◆ **What you should do**
In the listing that follows, find the line with "Výroba plechu, kovové", then copy exactly from it through the line with "Українські воїни-десантники знищили", leaving out every picture.

◆ **Records provided**
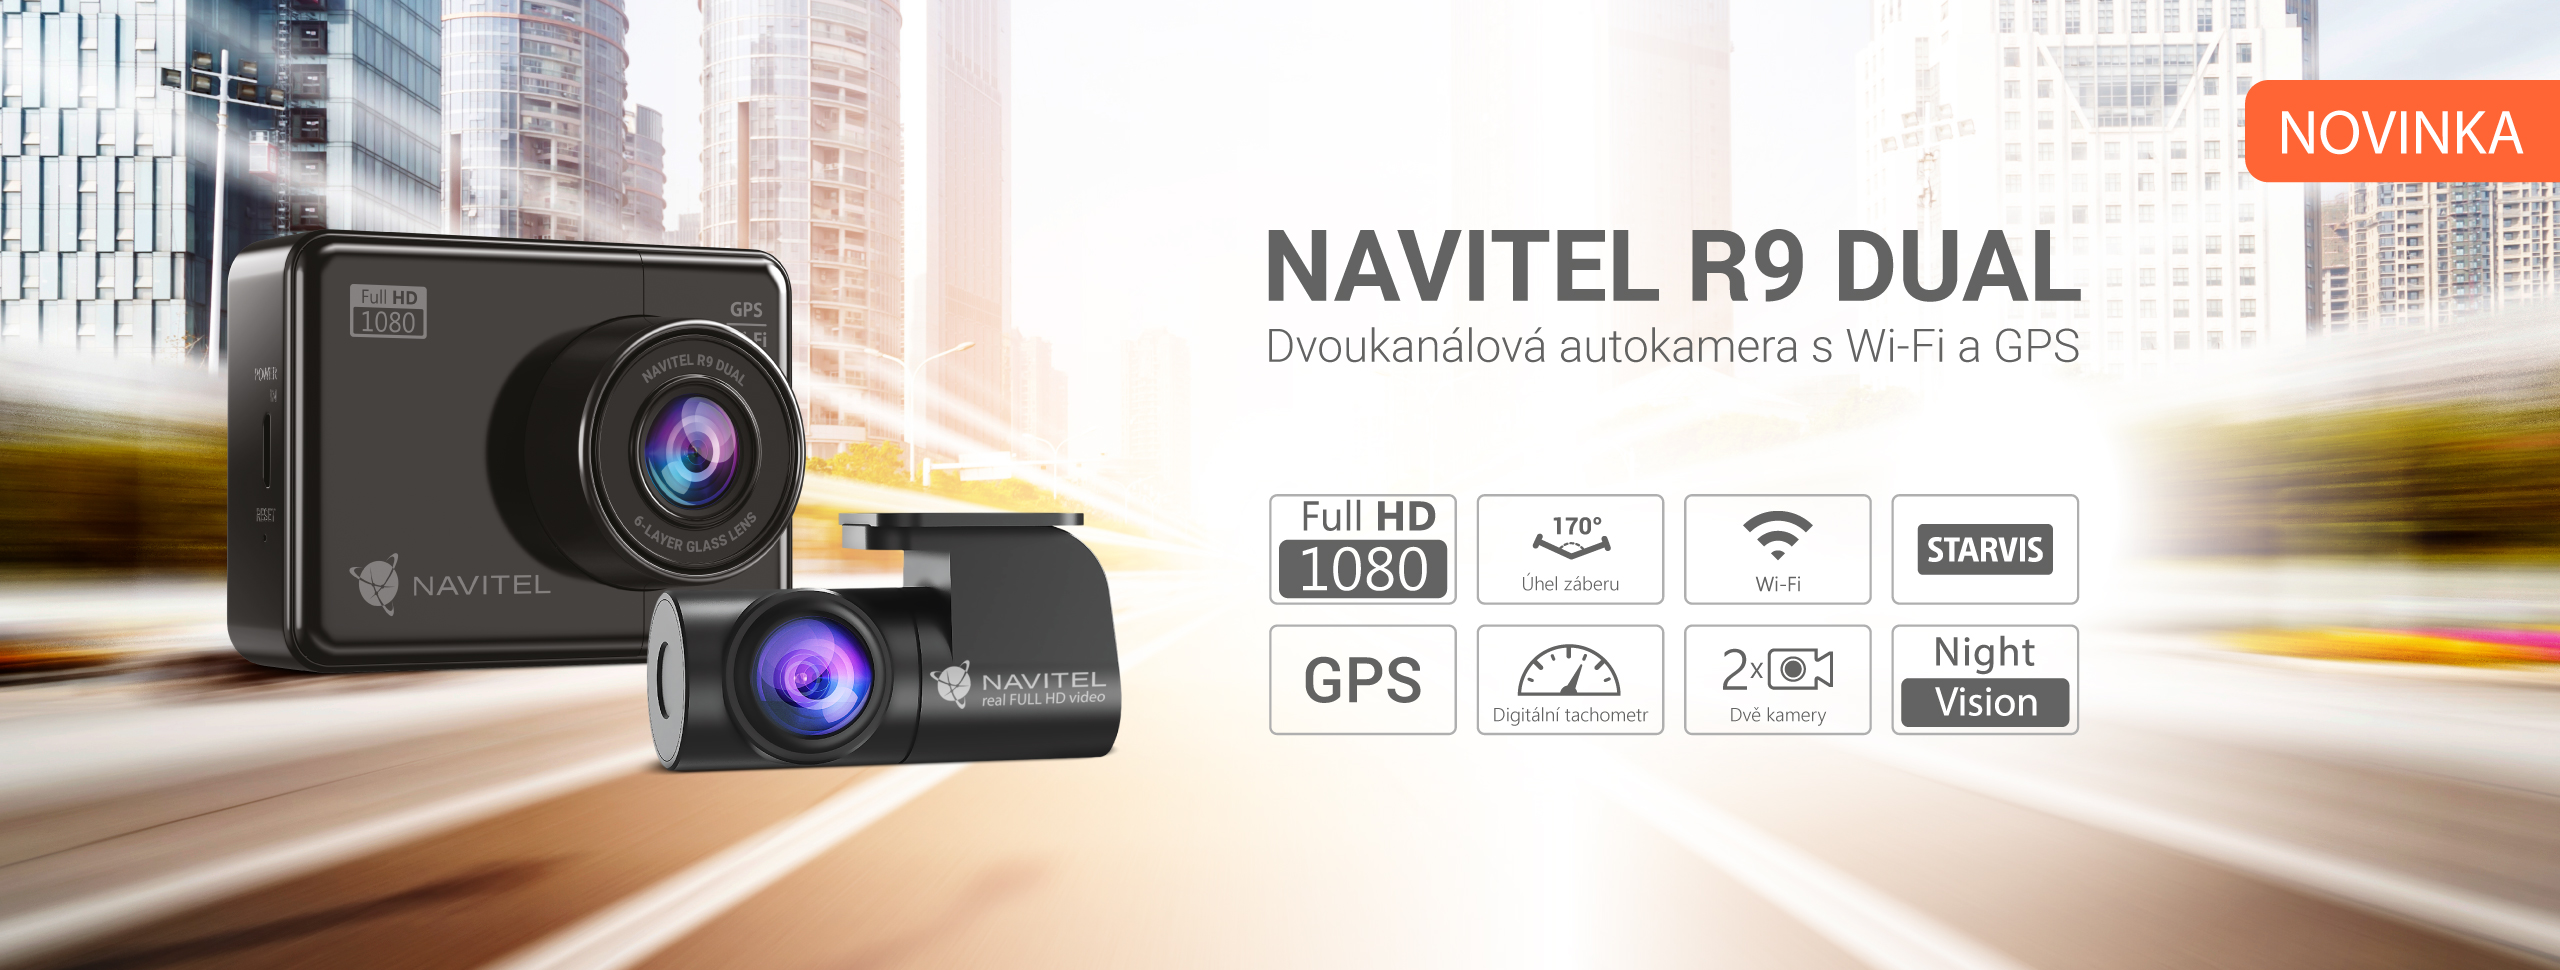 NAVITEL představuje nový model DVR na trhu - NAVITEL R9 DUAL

* * *

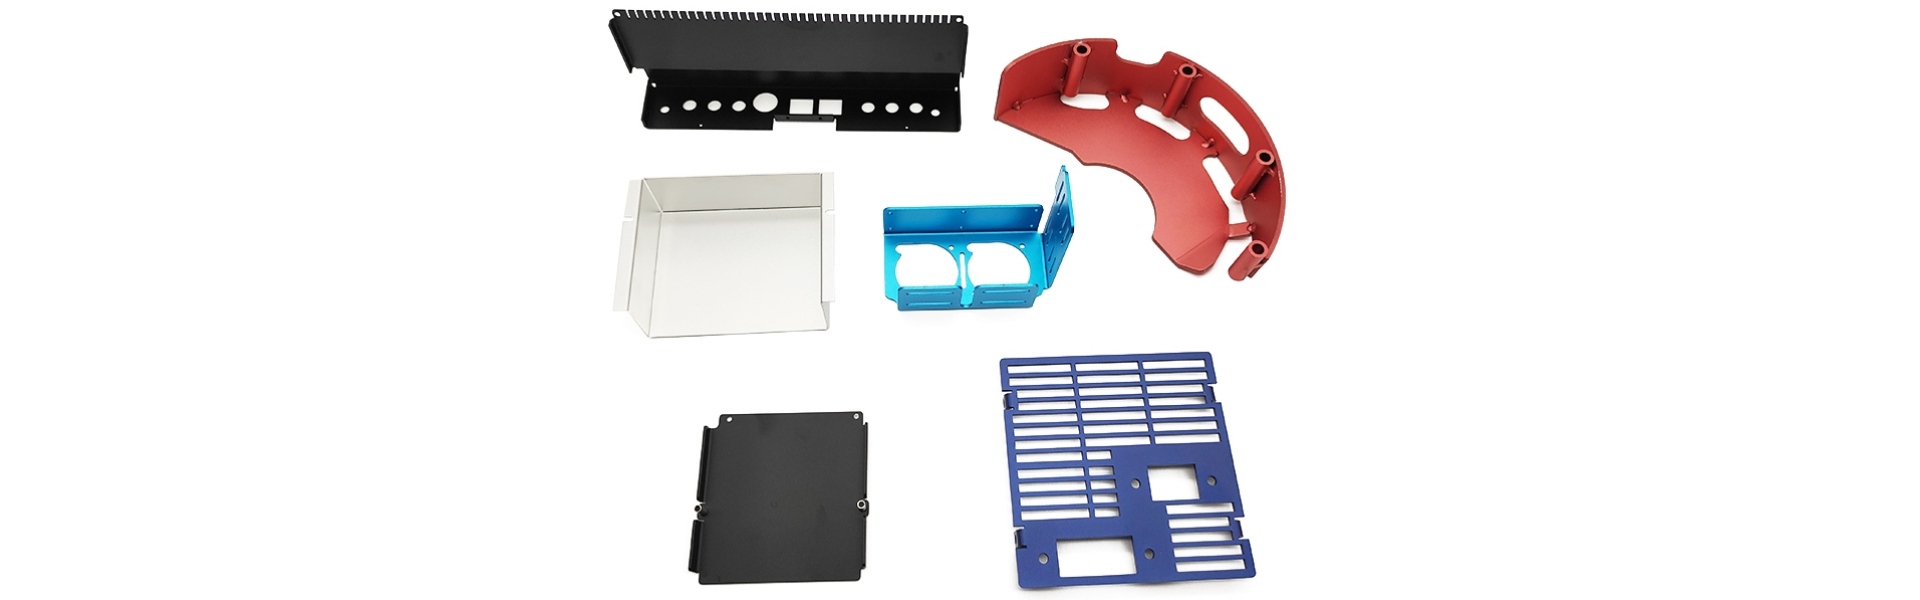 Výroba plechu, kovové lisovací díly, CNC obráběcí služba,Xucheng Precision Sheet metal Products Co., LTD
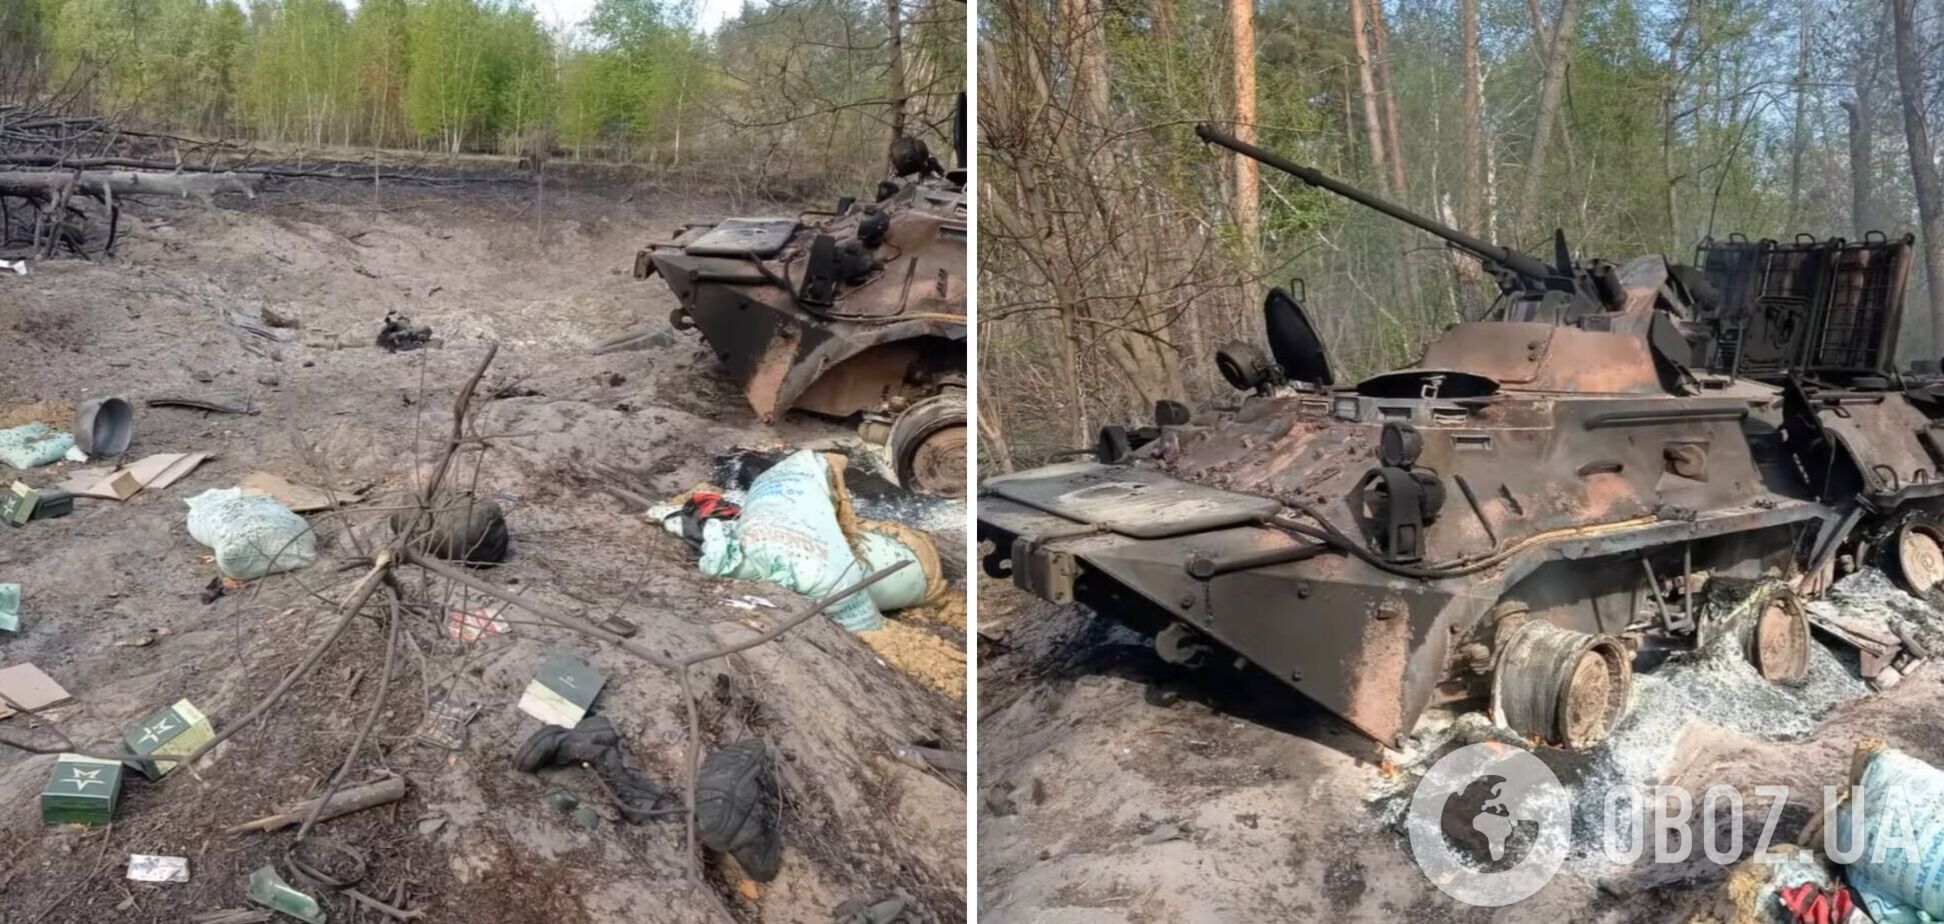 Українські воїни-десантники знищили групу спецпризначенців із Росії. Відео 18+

◆ **Completed task**
 Výroba plechu, kovové lisovací díly, CNC obráběcí služba,Xucheng Precision Sheet metal Products Co., LTD
 Українські воїни-десантники знищили групу спецпризначенців із Росії. Відео 18+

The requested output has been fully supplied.